30-03-2016 01:25 PM - edited 30-03-2016 01:25 PM
That is why I have not bought any Easter Eggs this year.
Now I find that I was not the only one that has noticed this.
Disgusting what people will do to make an extra dollar. Well, they are not getting mine.
Erica
on 01-04-2016 11:15 AM
When in Europe for Christmas I often go to midnight mass, not because of religion but because I love the music. I am an atheist, as were my parents, and my grandparents, at least in the part of their lives that I knew them.
well, i'm not a believer either
but love attending the eid festivals
because of the food
i'm pretty sure muslims see it as
a significant religious holy day
on 01-04-2016 11:29 AM
@imastawka wrote:Seriously, Erica?
Eggs and bunnies at Easter are a pagan/heathen tradition
And unless you're Greek - Easter is over for this year
so what? pagan easter eggs,
christian easter eggs, they're still
easter eggs. if they want to create
different types of eggs that's great but
don't get rid of easter eggs
on 01-04-2016 11:44 AM
oh well, at least they have a happy easter
hunt bucket for the non easter eggs
on 02-04-2016 06:48 PM
I'd bet that there are more people attending the Xmas sales than go to church, 🙂 And pigging out on chocolate has nothing to do with religion. I doubt the really pious people look at chocolate egg and feel spiritual.

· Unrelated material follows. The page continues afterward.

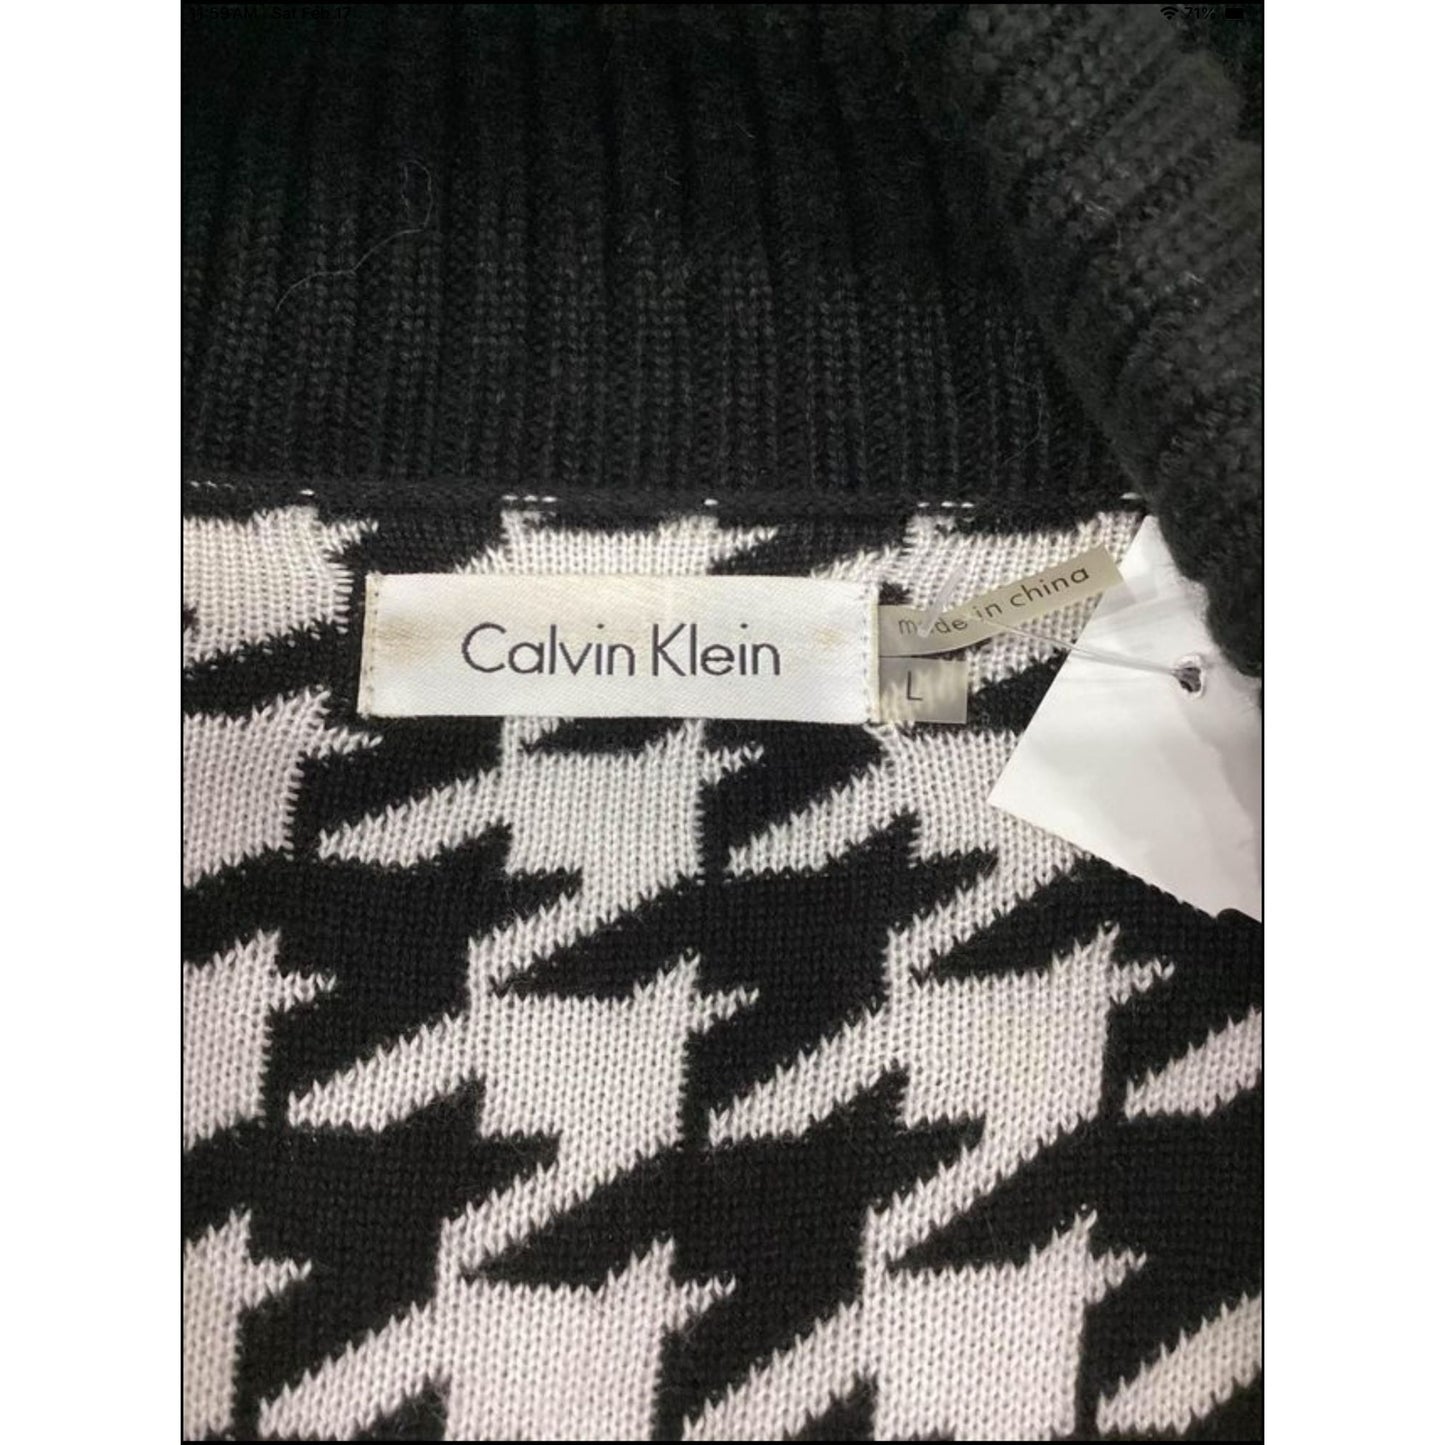 Women’s Casual Calvin Klein Dress

The eggs have meaning for Christians but it was by no means started by them.
The practice of decorating eggshells as part of spring rituals is ancient,with decorated, engraved ostrich eggs found in Africa which are 60,000 years old. In the pre-dynastic period of Egypt and the early cultures of Mesopotamia and Crete, eggs were associated with death and rebirth, as well as with kingship, with decorated ostrich eggs, and representations of ostrich eggs in gold and silver, were commonly placed in graves of the ancient Sumerians and Egyptians as early as 5,000 years ago. These cultural relationships may have influenced early Christian and Islamic cultures in those areas, as well as through mercantile, religious, and political links from those areas around the Mediterranean.
on 03-04-2016 01:49 PM
I am not a religious person. I come from a multicultural family and never understood the huge divisions of religions.
After all, each and every one claims that there is only one God, but each God seems to be different.
Anyway, that is not what my OP is all about, it is about changeing a nations tradition for what reason?
Christmas and Easter we have had for 2000 yars, so why deny it now???
No other nation, religion or culture has changed their way of celbrating special religious days.
I asked the manager of our Supermarket at Christmas what all those Happy Holidays banners mean. No Merry Christmas was to be seen and not everyone has holidays over Christmas time. Lots of people have to work throughout that time and Happy Holidays is an insult to them.
I'm just nitpicking.
Erica
on 03-04-2016 03:16 PM
@lind9650 wrote:Anyway, that is not what my OP is all about, it is about changeing a nations tradition for what reason?
Christmas and Easter we have had for 2000 yars, so why deny it now???
No other nation, religion or culture has changed their way of celbrating special religious days.
If these days are days of religious significance as you say, then I think it is an insult to the religion to commercialise these holidays. The point that these celebrations now have very different meaning that they had some 50+ years ago when I was a child, and totally different to the one in 300 something. So why not disassociate the religious from the commercial properly?
Anyway Christmas is not the day Jesus was born, it is winter solstice, and was a pagan special day. There is no mention of birth celebrations in the writings of early Christian writers such as Irenaeus (c. 130–200) or Tertullian (c. 160–225). Origen of Alexandria (c. 165–264) goes so far as to mock Roman celebrations of birth anniversaries, dismissing them as “pagan” practices—a strong indication that Jesus’ birth was not marked with similar festivities at that place and time. The earliest mention of December 25 as Jesus’ birthday comes from a mid-fourth-century . More recent studies have shown that many of the holiday’s modern trappings do reflect pagan customs borrowed much later, as Christianity expanded into northern and western Europe. The Christmas tree, for example, has been linked with late medieval druidic practices.
on 08-04-2016 07:47 PM
@***super_nova*** wrote:But what on earth does chocolate bunny and eggs has to do with Christianity? Actually, not so long ago the eggs were not even chocolate but real eggs painted (and in many christian cultures still are) and the bunny was just an imaginary critter that hid them in the garden for kids to find. LOL
No the bunny had nothing to do with hiding the eggs. The rabbit and eggs were symbols of fertility.
A bit of irony in our age of legal abortion and contraception to be giving symbols of fertility lol.
You're right though, neither have a place in Christianity, they are a holdover from pre-christian times.